A good business broker should be effective in educating their seller clients about the deal process and what to think about before running out and shopping their client’s company to potential buyers.
There can be no greater mistake than not investing sufficient up-front time reviewing the detailed accounting records of a seller to ensure that the data to be presented to a potential buyer has integrity and that financial statements properly allow for a reviewer to be able to determine the key performance indicators such as size of customer base, number of routes, customer retention rates, average revenues per technician, gross profit margins, technician tenure, types of revenue channels and recurring revenue model (i.e., customers under contract for monthlies, bi-monthlies, quarterlies, etc.)
A potential buyer is not likely to make an offer on a simple gross revenue of the seller. Many business owners think that is how purchase price is determined. Unfortunately, every dollar of revenue in the income statement is not the same as any other dollar of revenue for purposes of determining an appropriate sales price for the enterprise. Would you pay the same price for a plain slice of pizza versus one that had four toppings?

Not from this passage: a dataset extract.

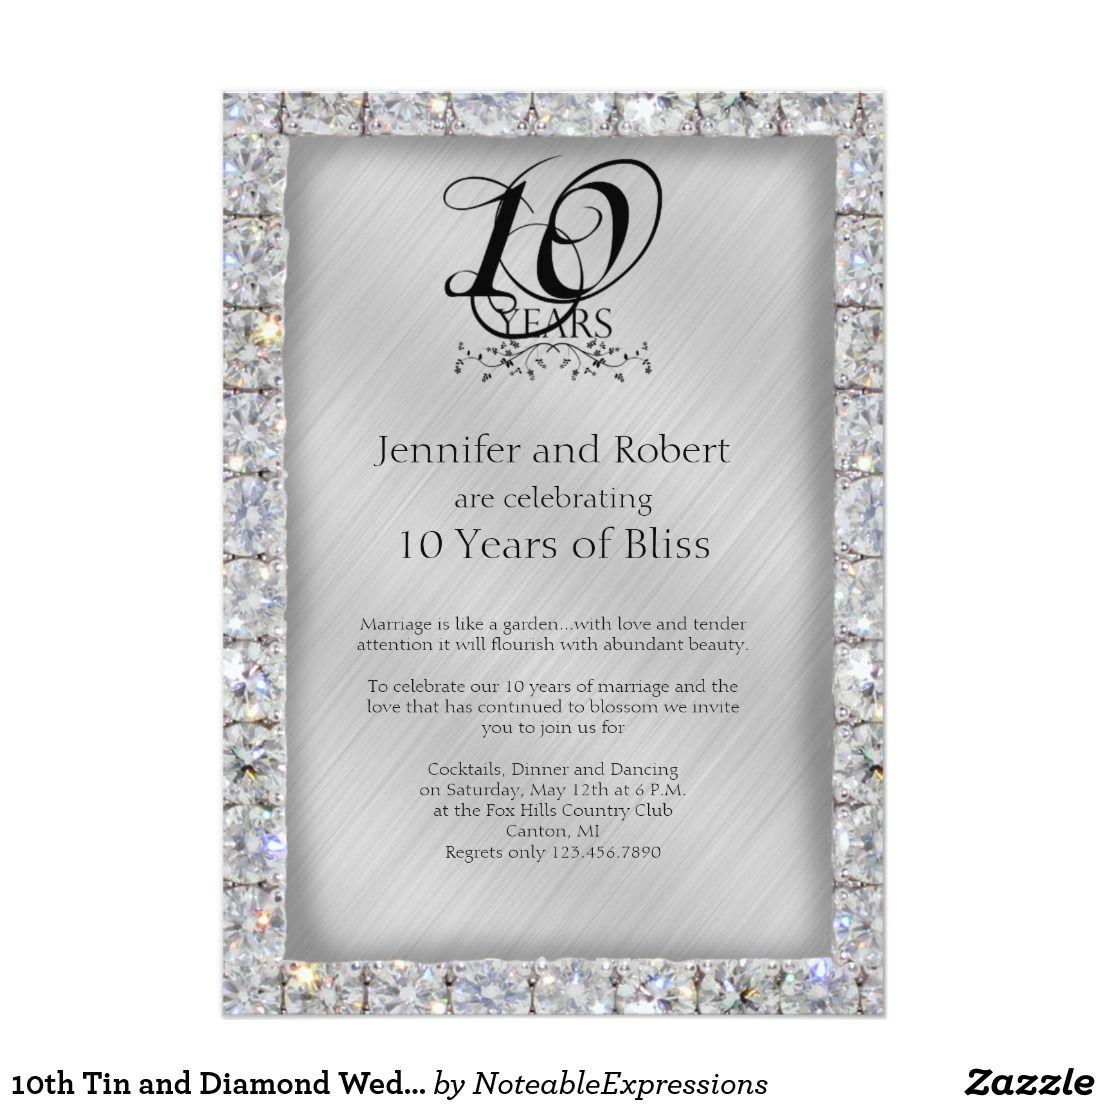 10th Tin and Diamond Wedding Anniversary Card   Wedding anniversary ...

Savvy buyers are acutely aware of the different values for differing sales channel within a pest control operation.
A good broker within the industry knows this and has to be able to have answers to what is being sold – a plain pizza or one with all the toppings. The price to ask requires a good broker to know exactly where the value of a particular seller is located. Each pest control operation is not generic and worth the same as all other pest control operations.
Accordingly, pulling the trigger can quickly backfire on a business broker and seller if a buyer has expressed interest and is ready to evaluate the financial and operational information immediately. There can be nothing worse to chill a deal than to tell a seller you have one or more suitors but now financial and operational statements need to be prepared, updated and analyzed to answer the questions that should have been anticipated and prepared for prior to soliciting a potential buyer.
It is basic common sense and failure to properly prepare for the process can result in lost opportunities for the unprepared seller and business broker.